/---

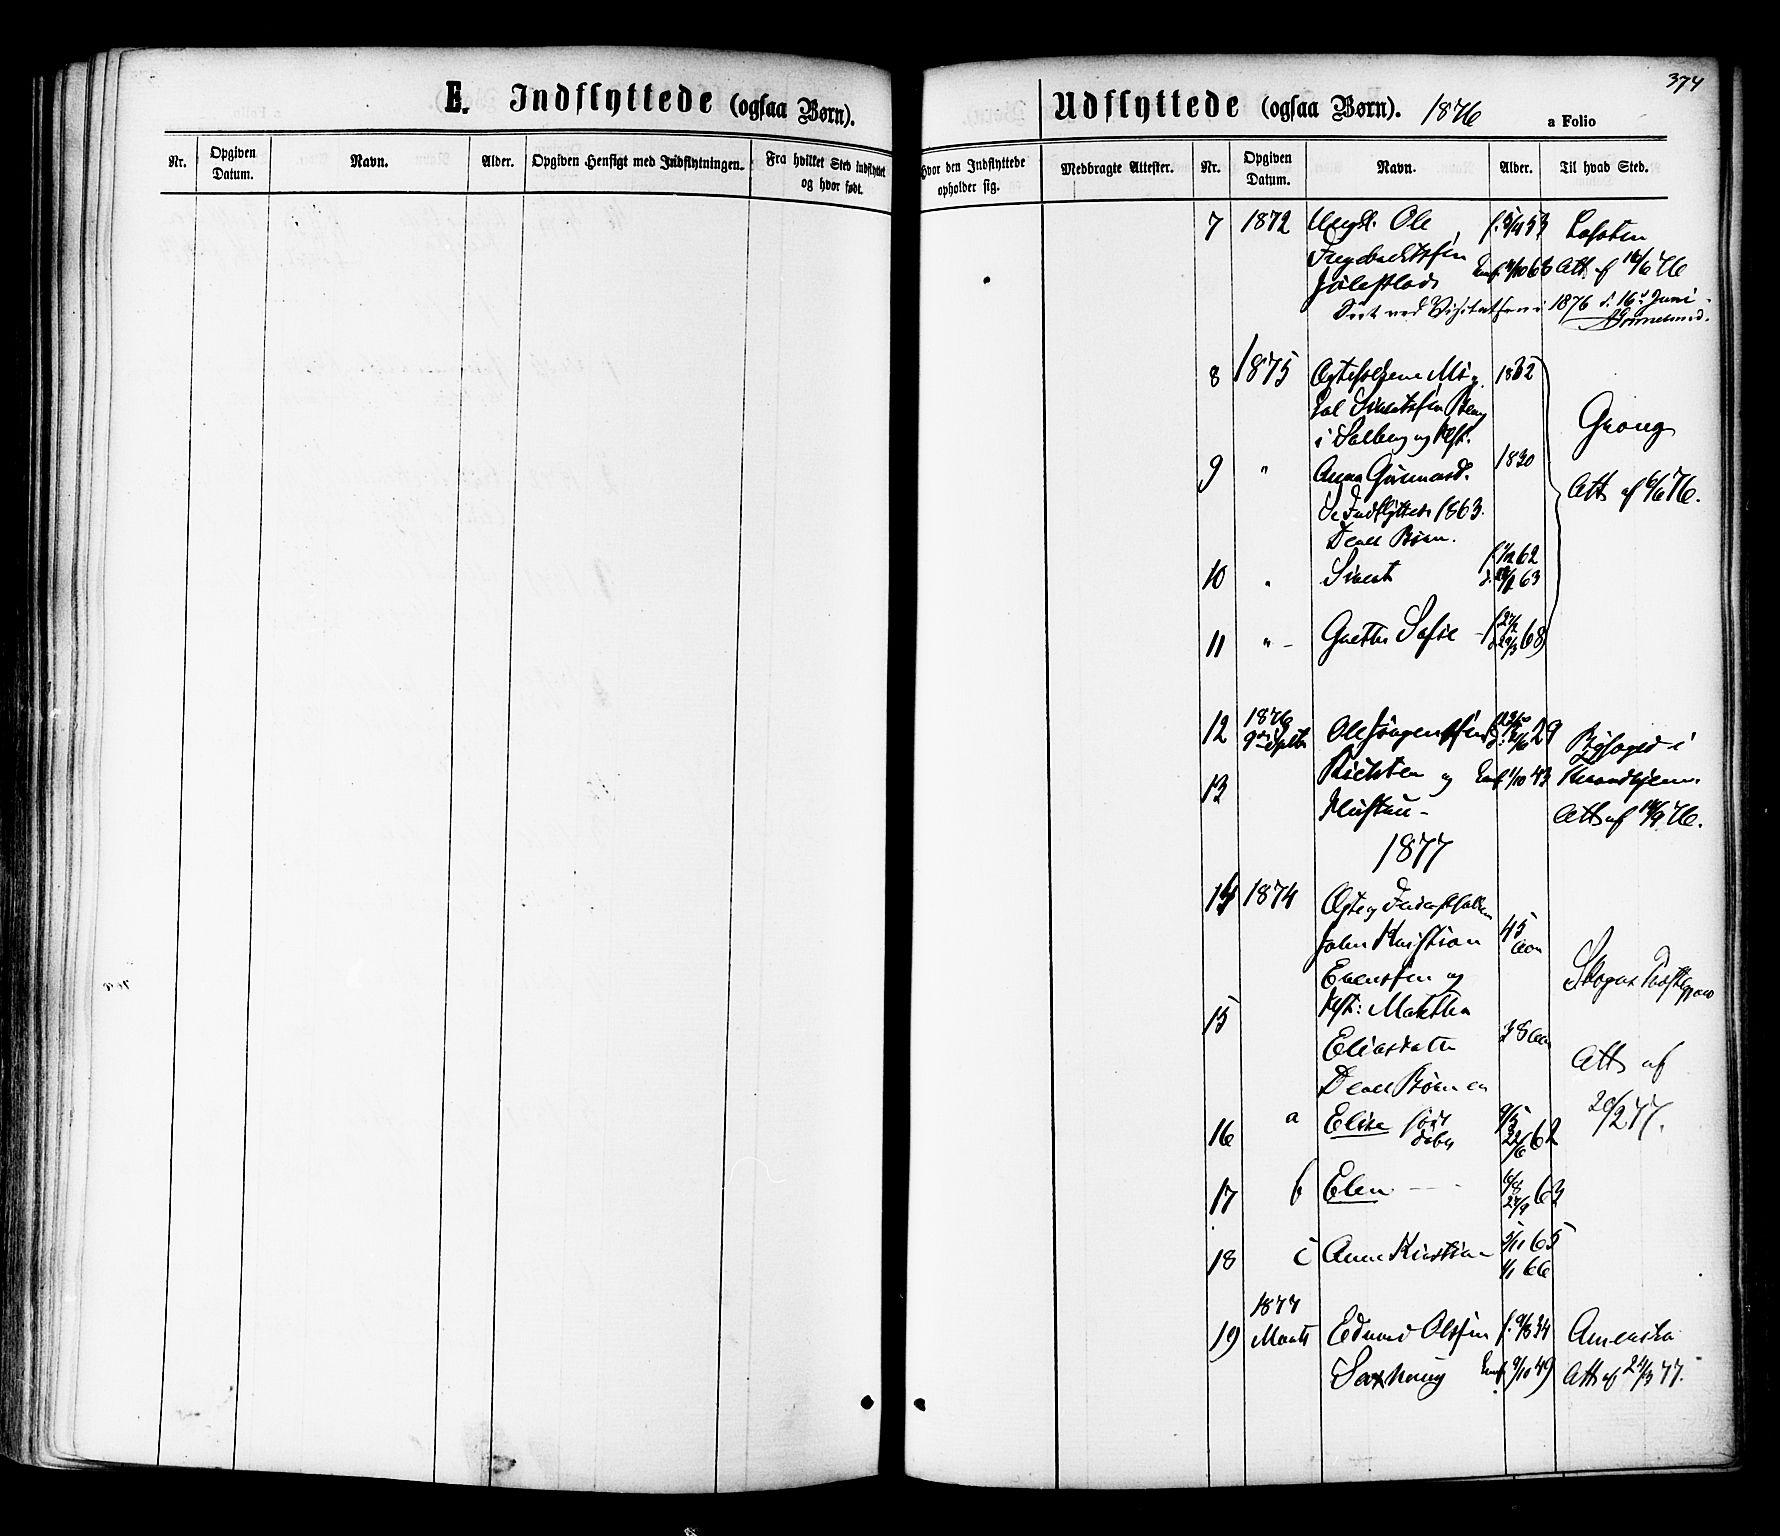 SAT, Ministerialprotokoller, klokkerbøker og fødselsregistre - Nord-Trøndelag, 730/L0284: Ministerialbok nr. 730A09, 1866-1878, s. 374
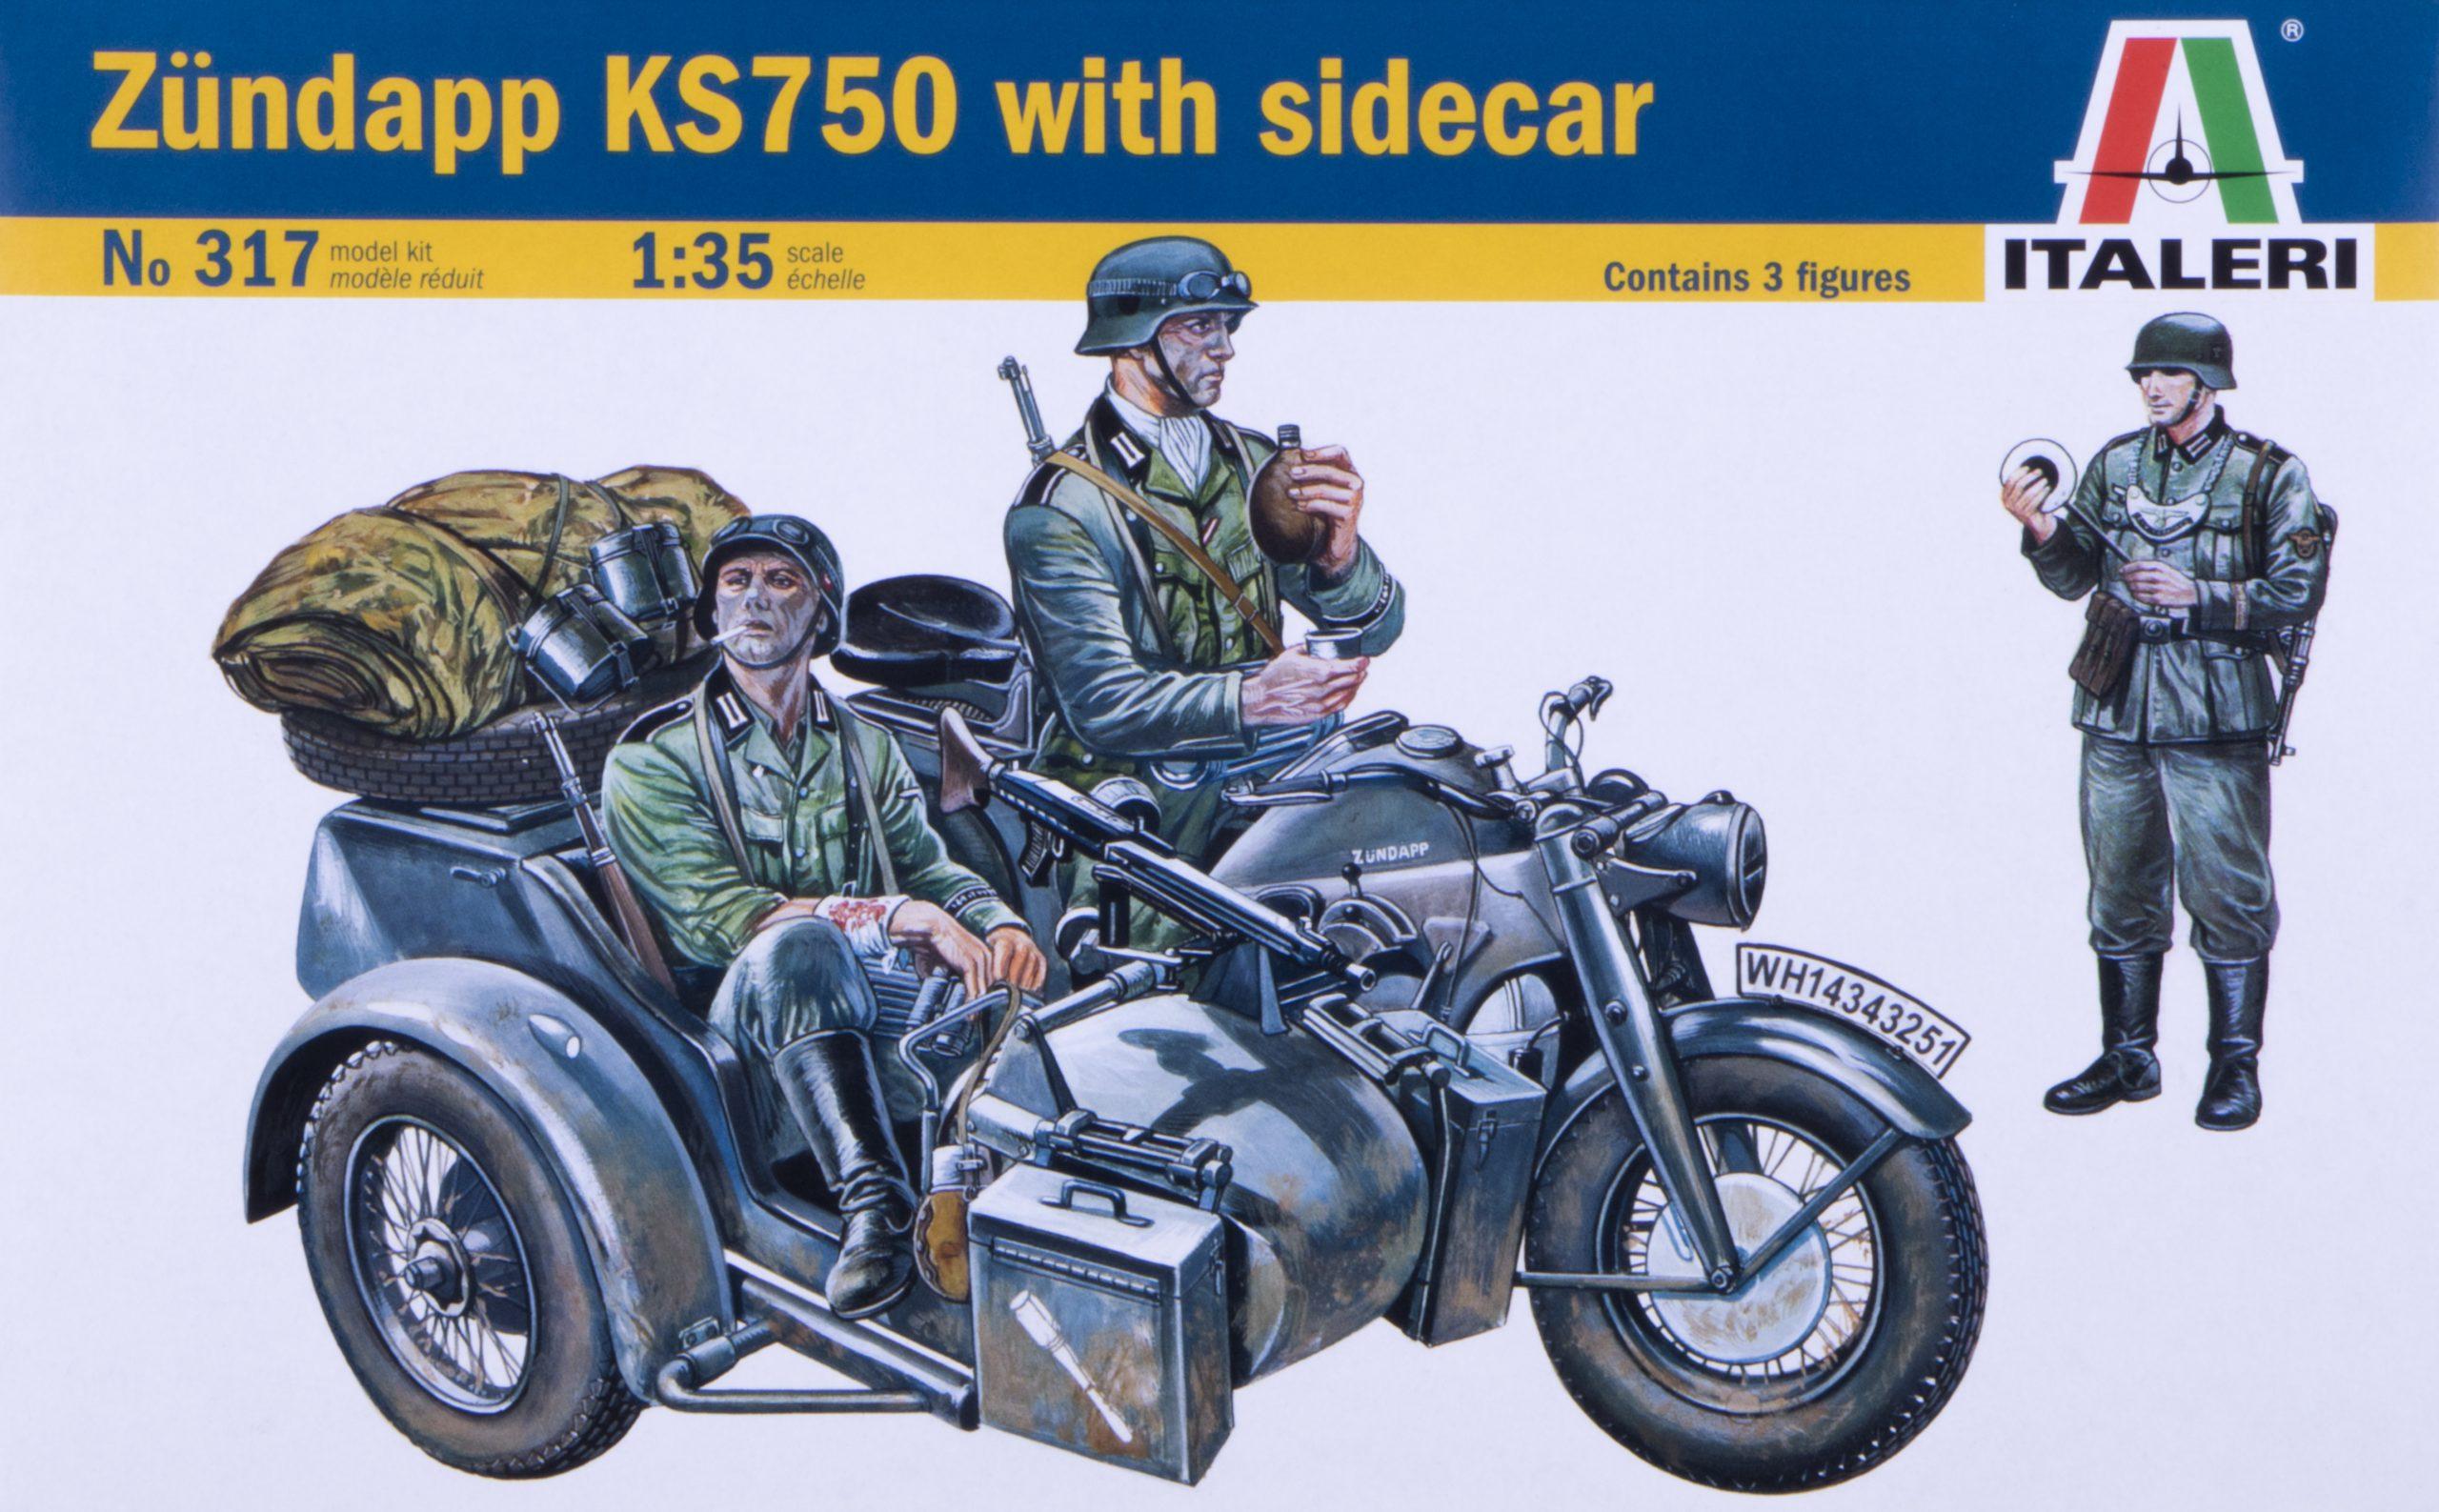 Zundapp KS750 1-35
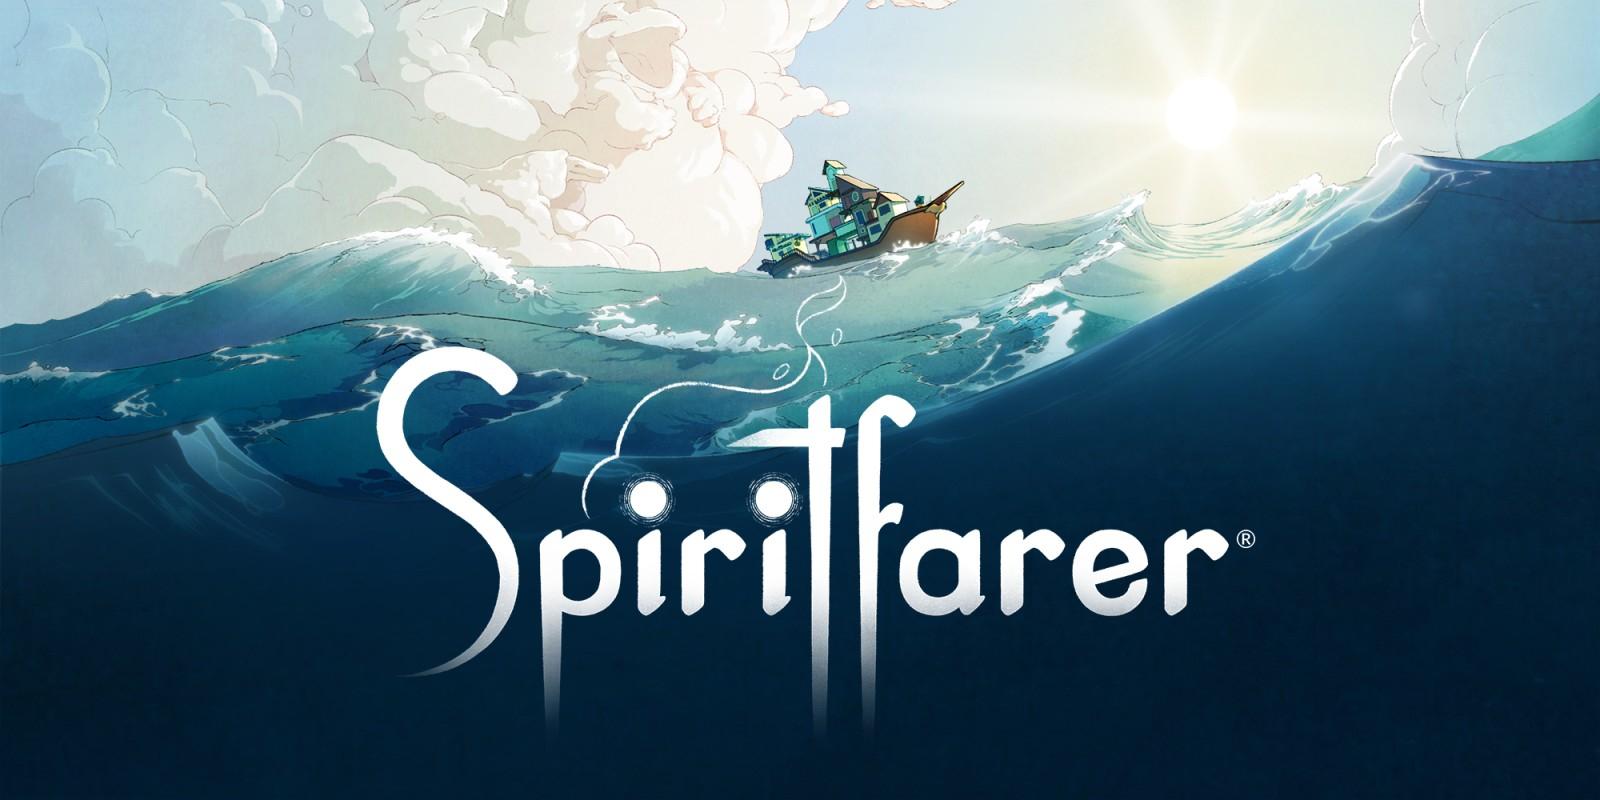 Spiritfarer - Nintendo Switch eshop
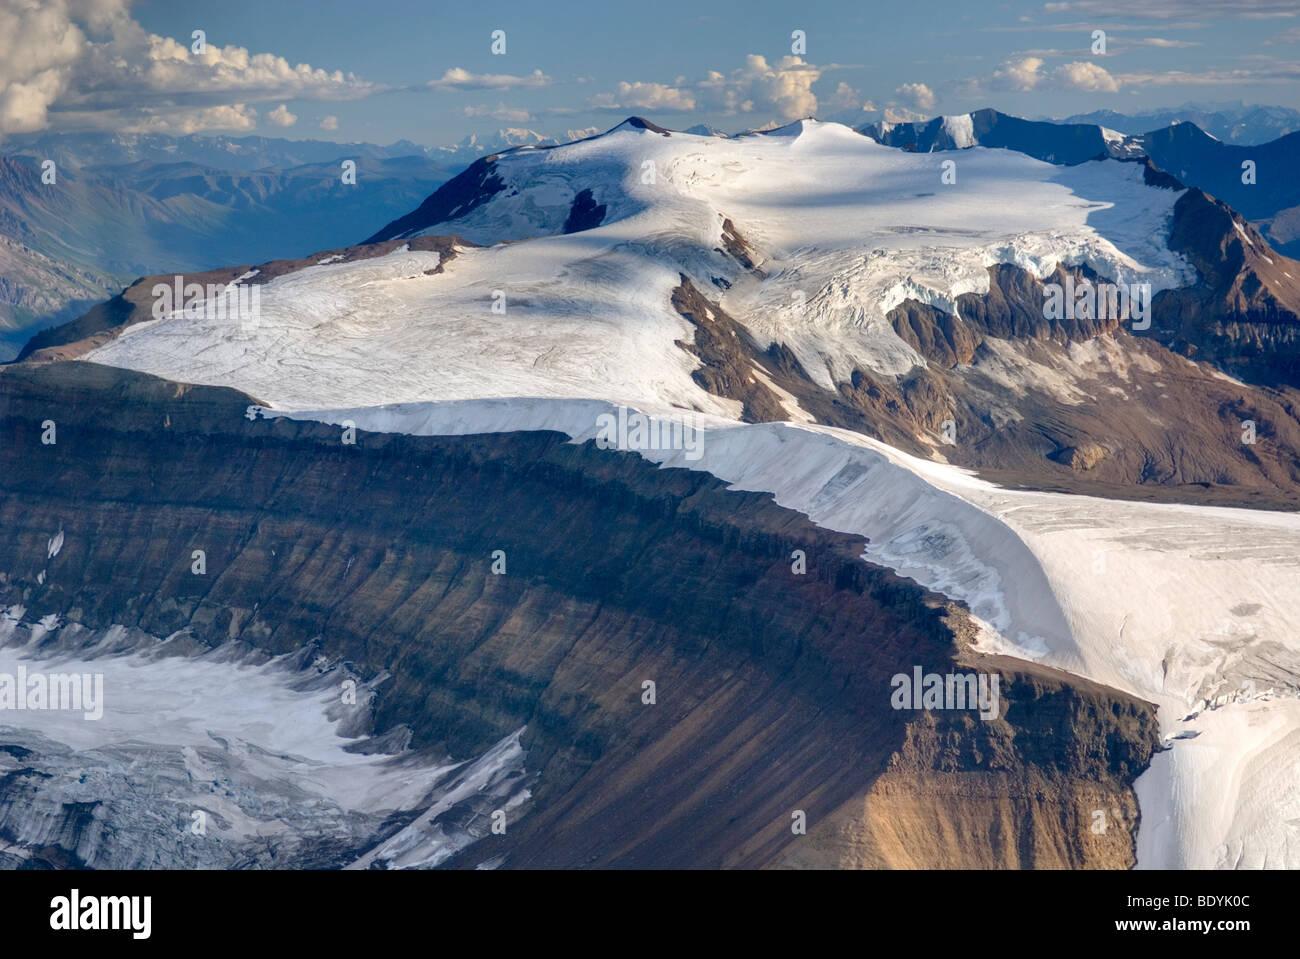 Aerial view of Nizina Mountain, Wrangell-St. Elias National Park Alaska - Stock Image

\---

* Activity *
Restate exactly the lines that start at the "Spiritfarer - Nintendo Switch eshop" line and end with the last line of the material above, leaving out the pictures.

* Output *
 Spiritfarer - Nintendo Switch eshop
 Aerial view of Nizina Mountain, Wrangell-St. Elias National Park Alaska - Stock Image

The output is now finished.